Reply To: Crusades

#16347

It does indeed help, thank you for the elaboration, though it is hard to wrap my mind around some of the reasoning behind it.

Here’s my thinking: These were very different times and in an age before the market was a widespread fact of life, people saw each other much more as rivals and a threat to each other than today, where it is cemented somewhere in the conscience of most people that we can benefit from the division of labor and cooperation with each other. Violence was ubiquitous, thus people in general and the nobility specifically were brought up to expect fighting as a fact of life, and in this culture it was their duty to excel in warfare and to showcase this in combat. On the other hand, before the ideas of individual liberty were properly understood, the clergy believed it had a divine duty to spread the ideas of Christianity and thereby save the souls of ordinary people in any way they could. Though, being human, I am sure the Church authority did not exactly frown upon the idea of spreading their power and influence and therefore embraced these crusades all the more eagerly. Would that be about right in your view?

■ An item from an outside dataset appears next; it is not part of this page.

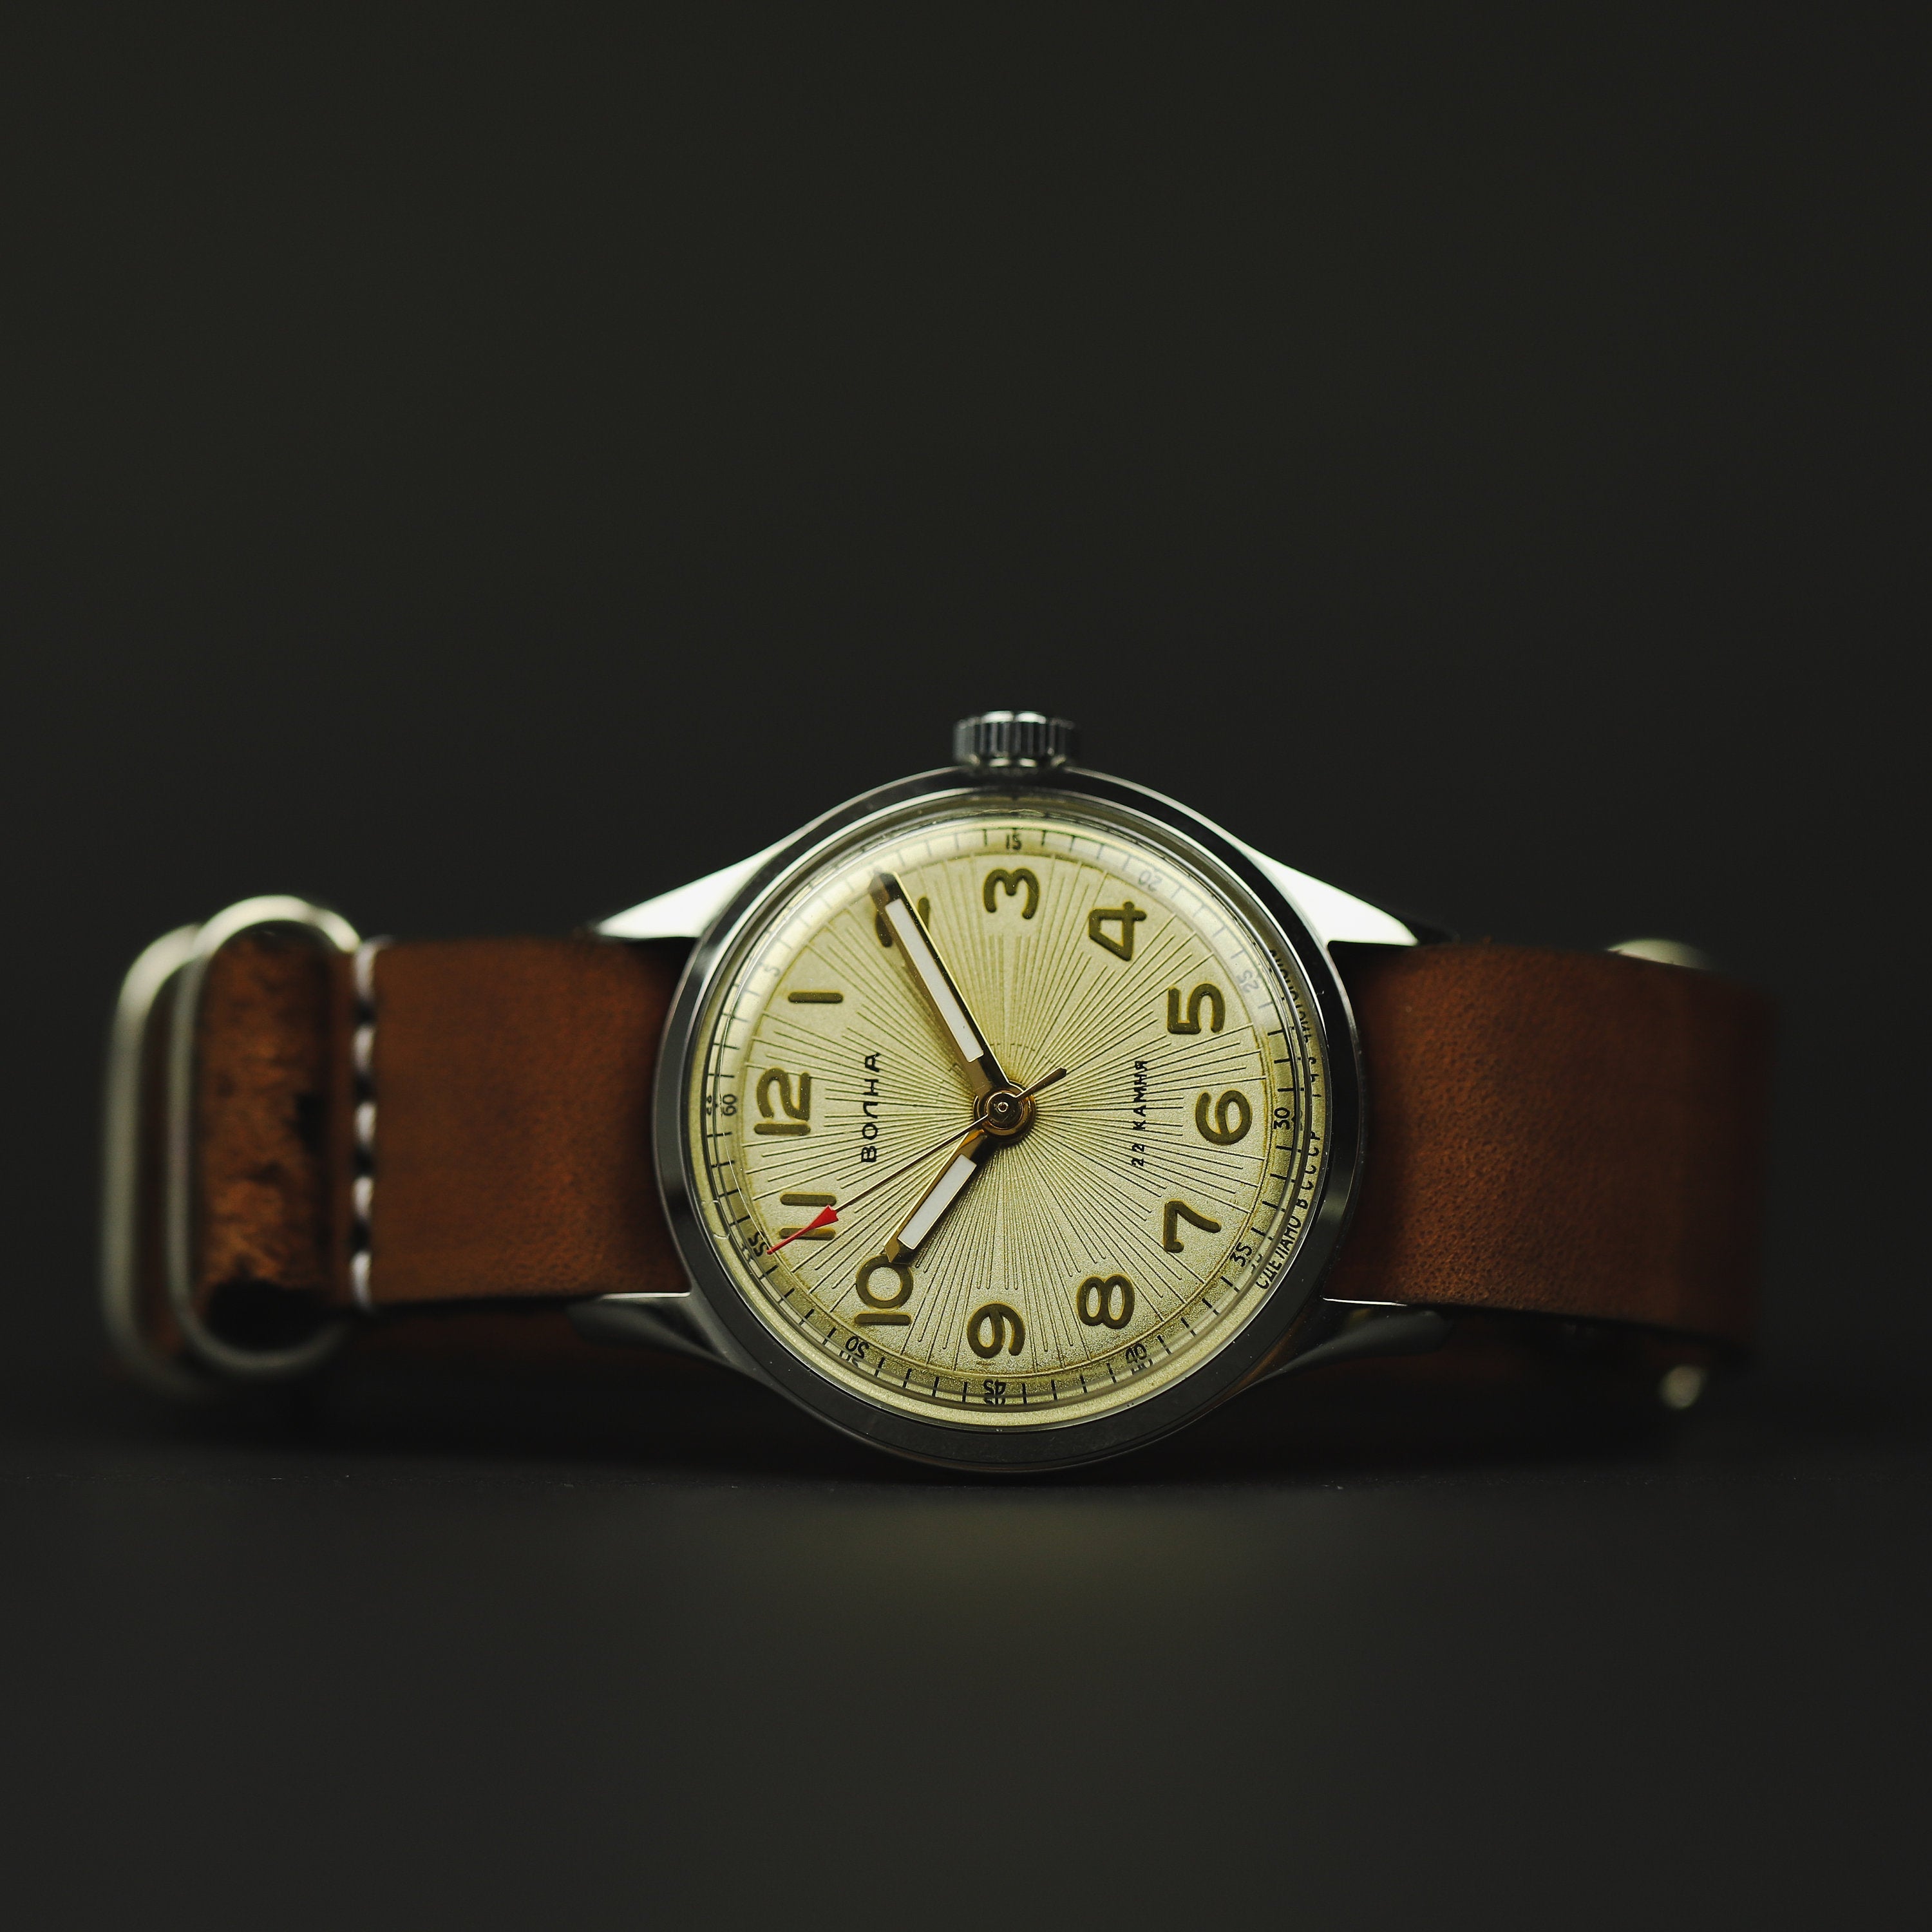 Vintage soviet wristwatch WAVE of 1950 release. Mechanical watch with handmade leather strap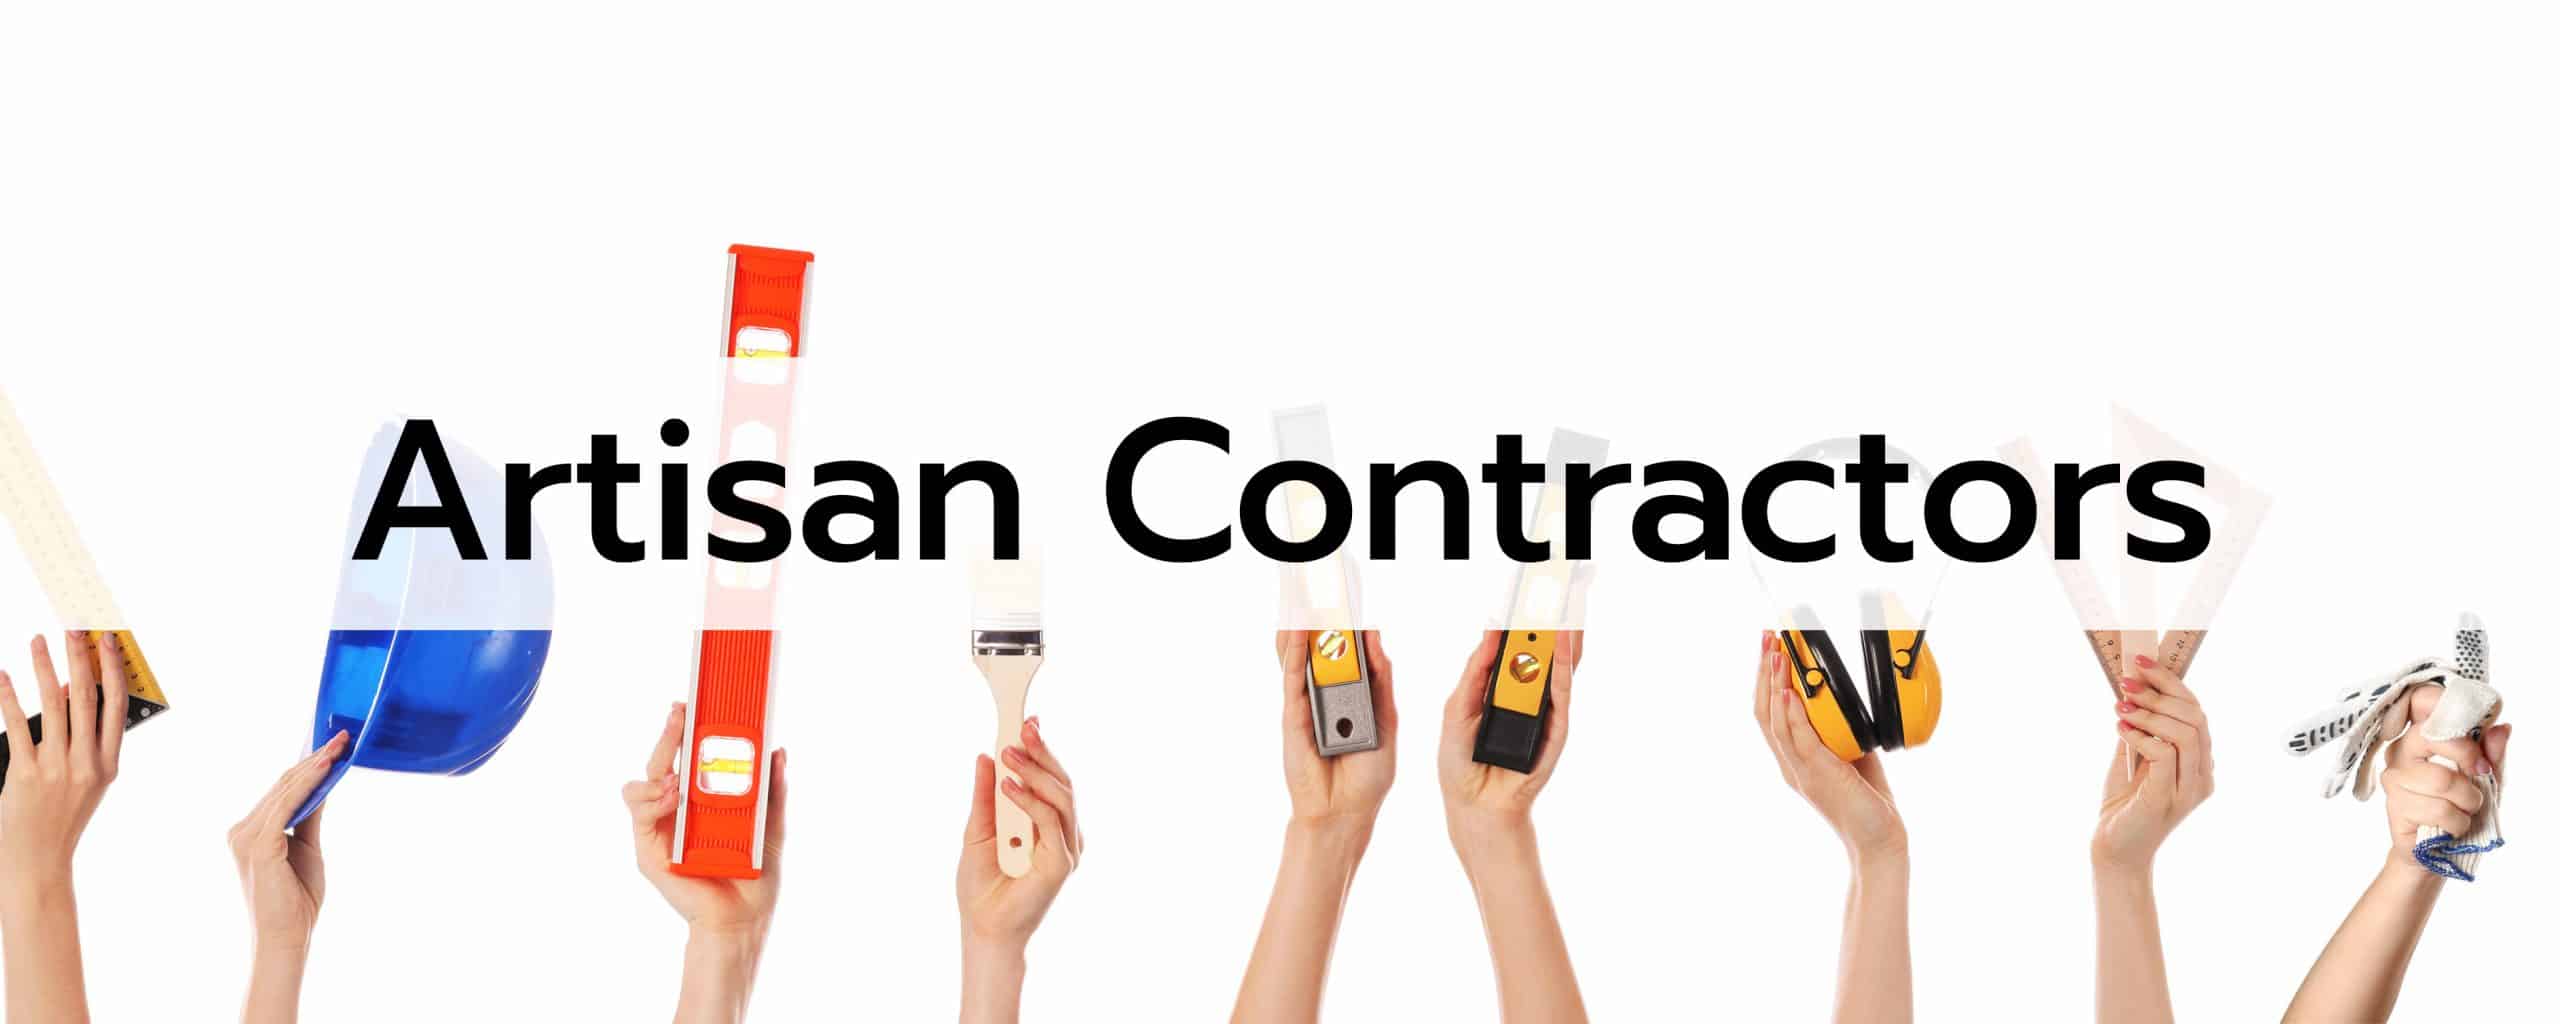 Featured image for “Artisan Contractors”

You mention that the clergy more or less accepted warfare as a fact of life and that the best they could do was at least to channel this aggression against non-Christians and heretics. Were there any attempts to stop the bloodshed in any form, regardless? To say killing people may not be the best way, even if they are non-Christians. How widespread was this idea?

You use the term “temporal” twice, the meaning of which I cannot pin down precisely. On Wikipedia I read that it means the political power that the popes wielded, as opposed to spiritual authority, though it seems you are using it as a synonym of “secular”.

I hope I am not showering you with too many questions and I appreciate your engaging in the discussions!